- _Material provided_
- Opening Delimiter -
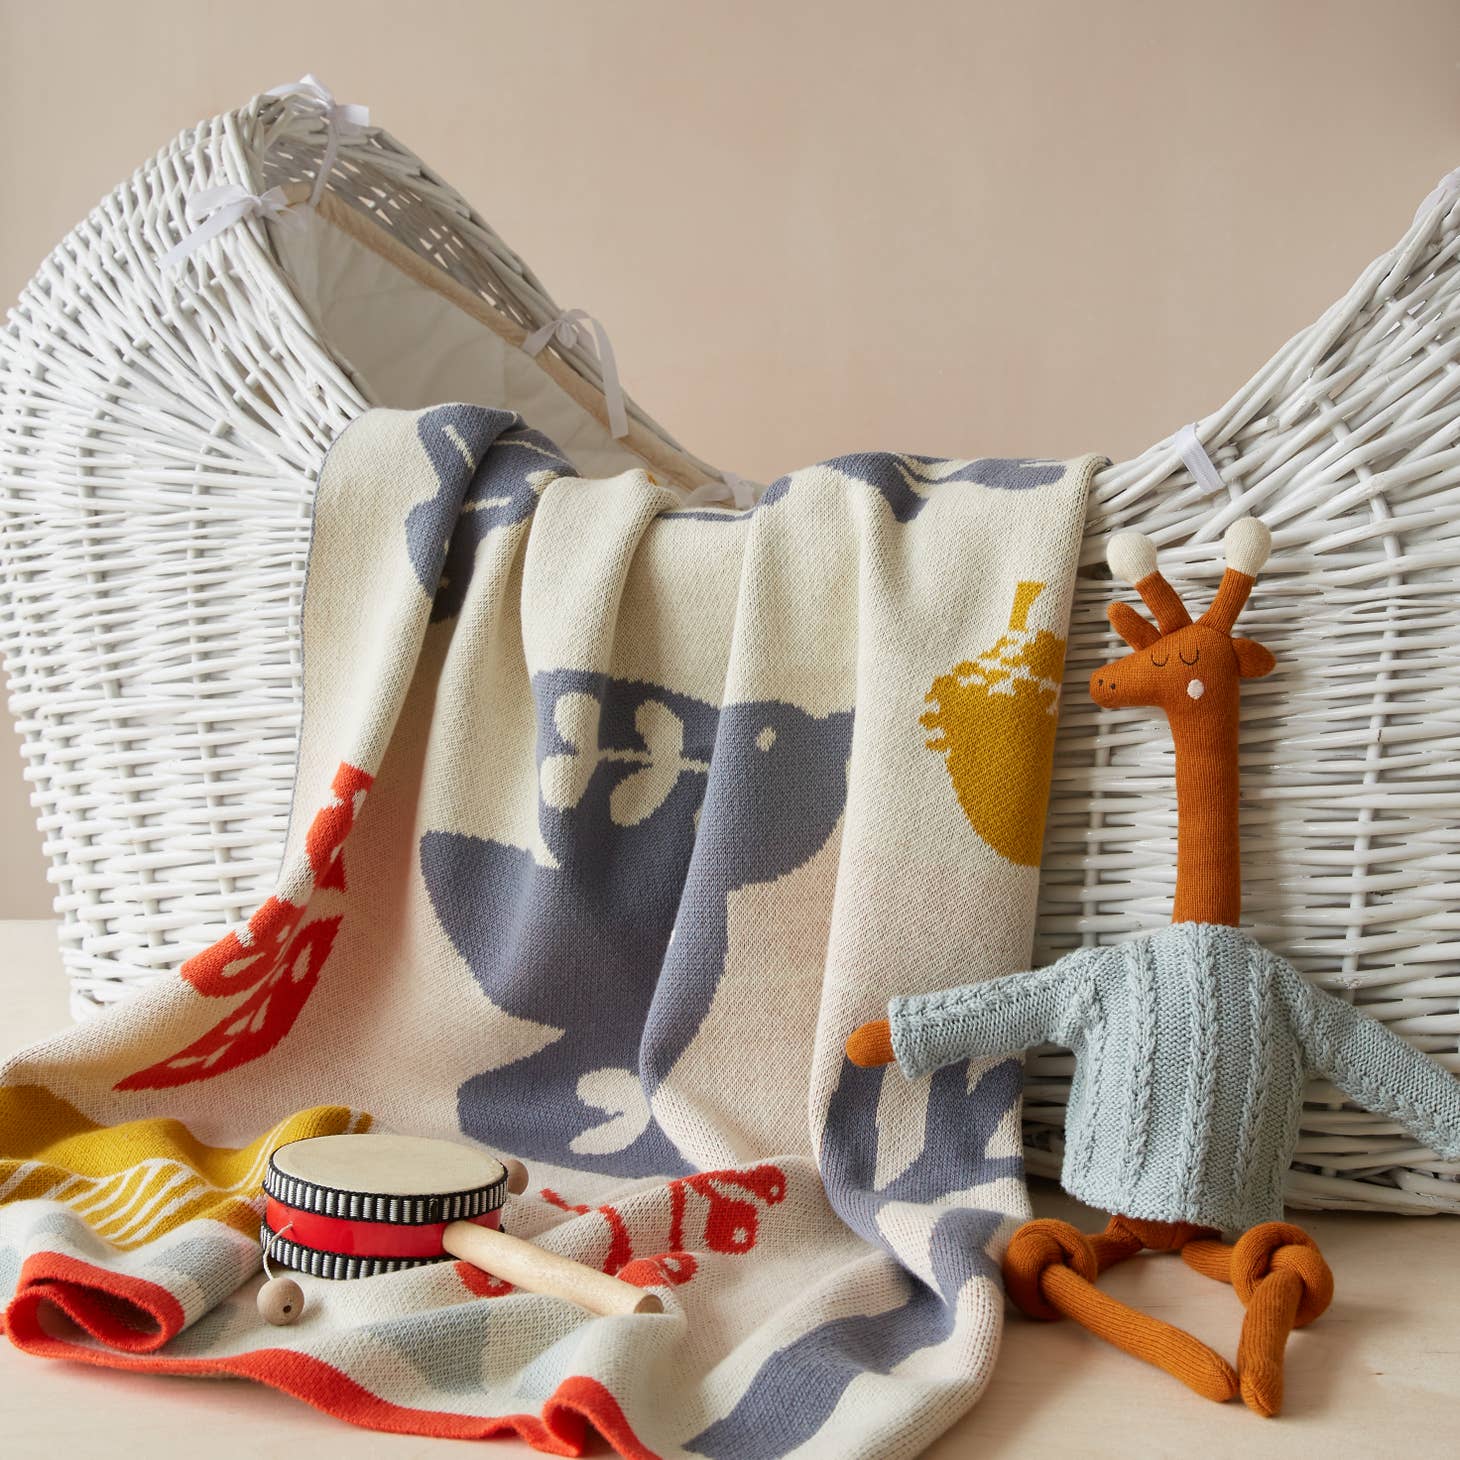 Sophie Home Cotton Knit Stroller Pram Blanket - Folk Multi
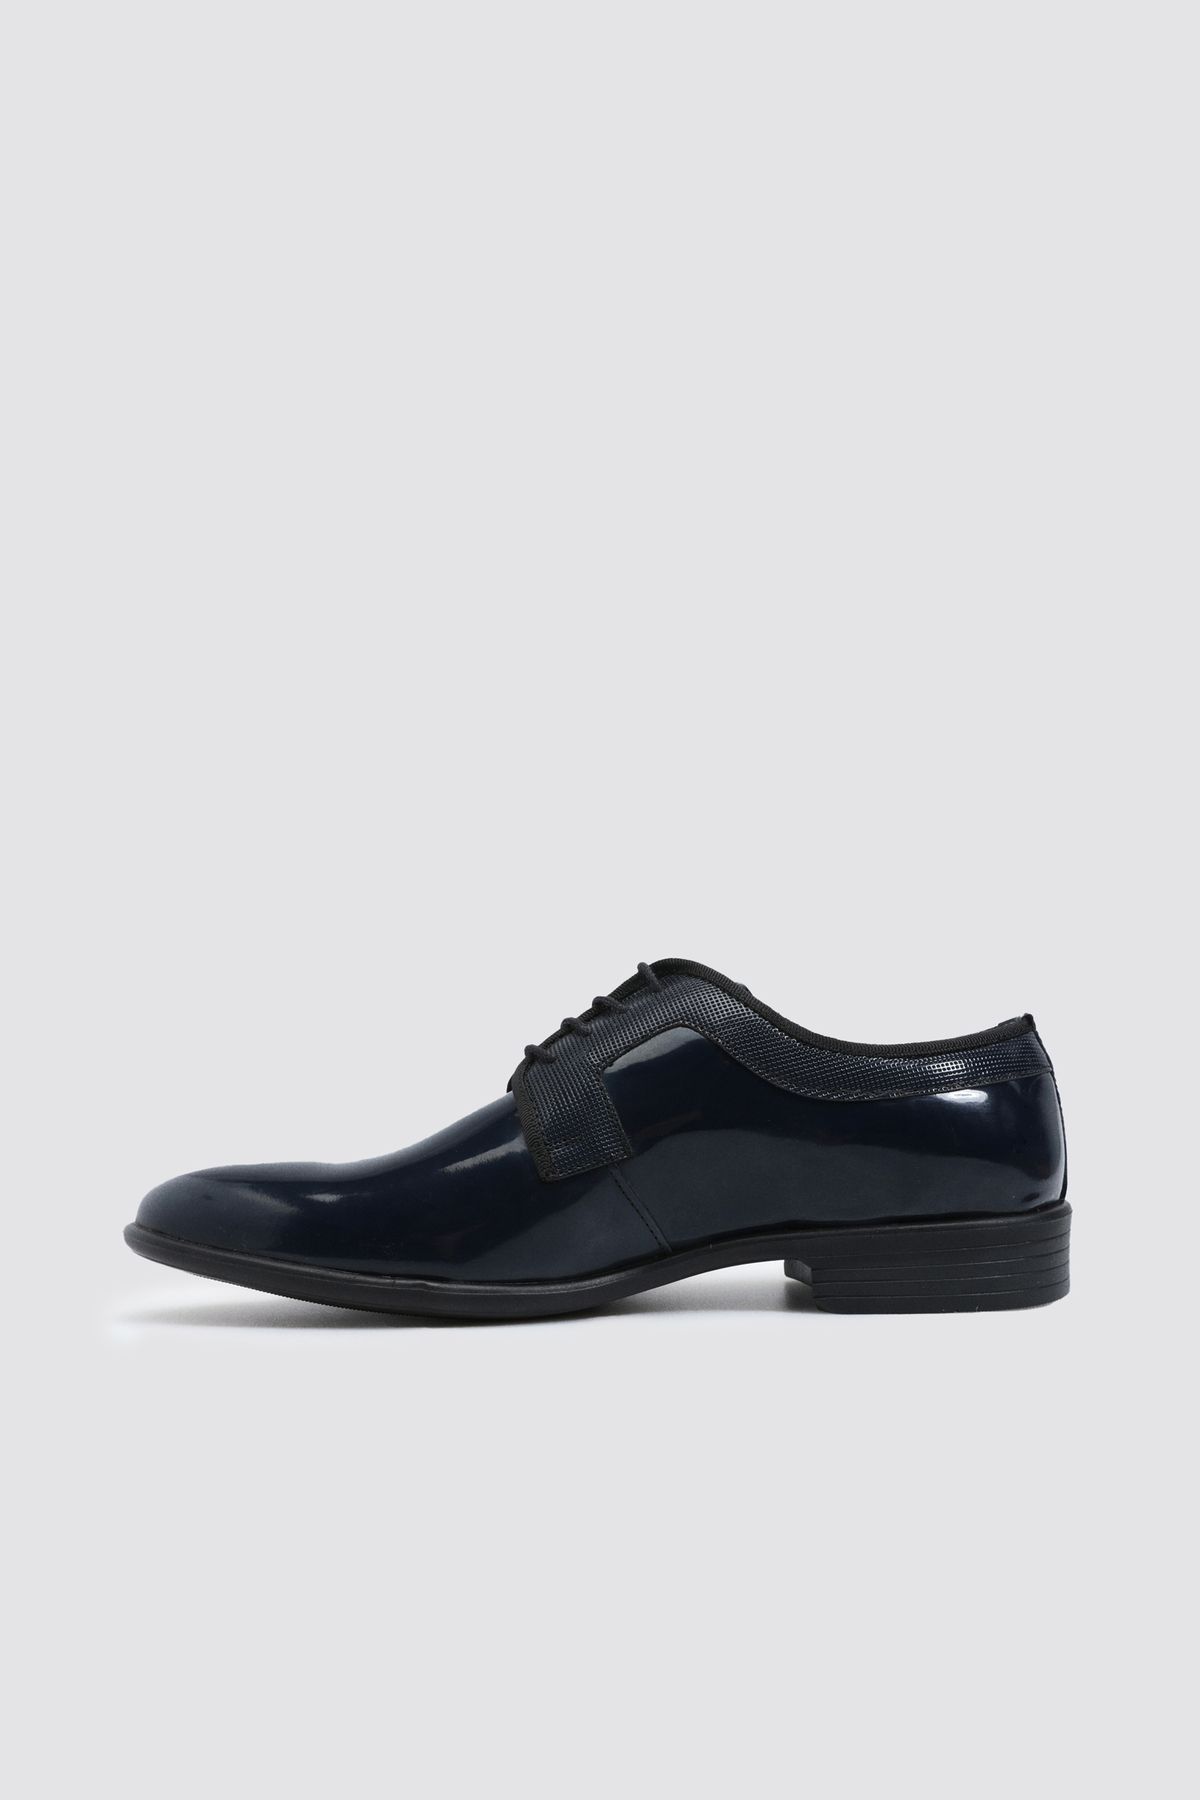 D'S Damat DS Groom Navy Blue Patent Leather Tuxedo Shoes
- Closing Delimiter -
- Opening Delimiter -
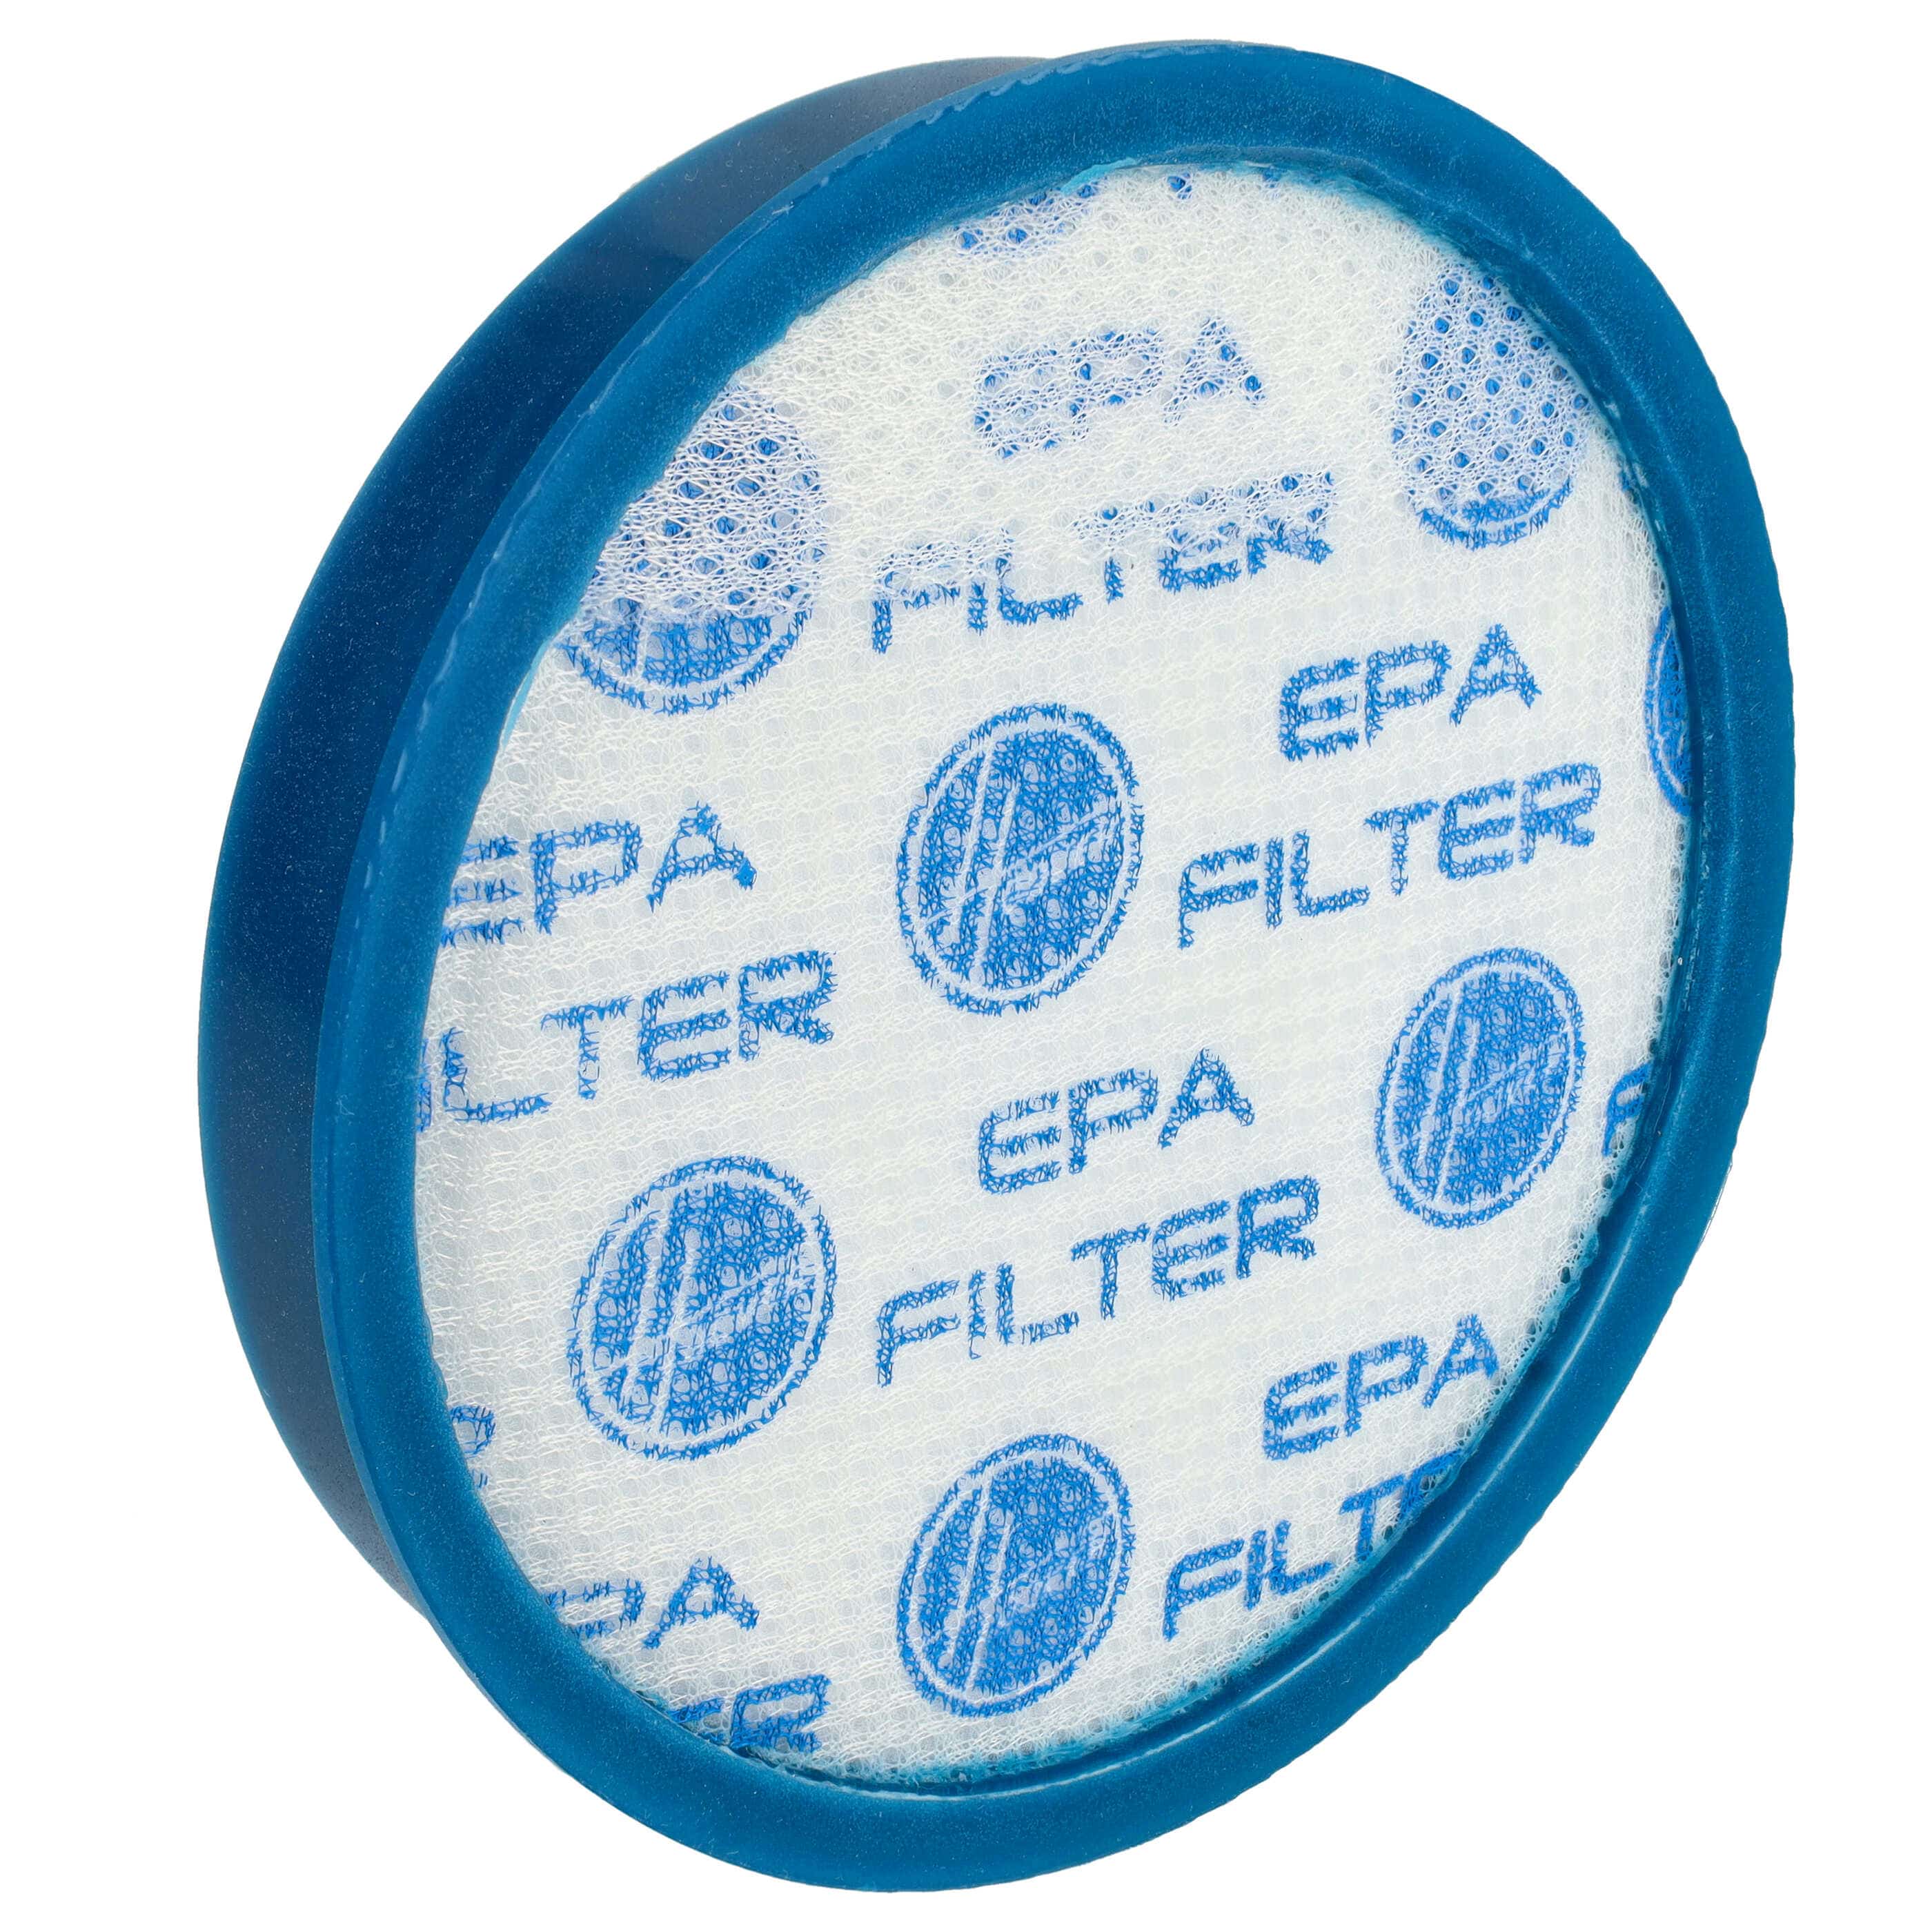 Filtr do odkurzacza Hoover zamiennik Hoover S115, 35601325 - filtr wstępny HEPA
- Closing Delimiter -
Above is the material; set down exactly its lines from the one containing "Sophie Home Cotton" down to the one containing "D'S Damat DS", both included, leaving out any pictures.

- _Answer space_
 Sophie Home Cotton Knit Stroller Pram Blanket - Folk Multi
 D'S Damat DS Groom Navy Blue Patent Leather Tuxedo Shoes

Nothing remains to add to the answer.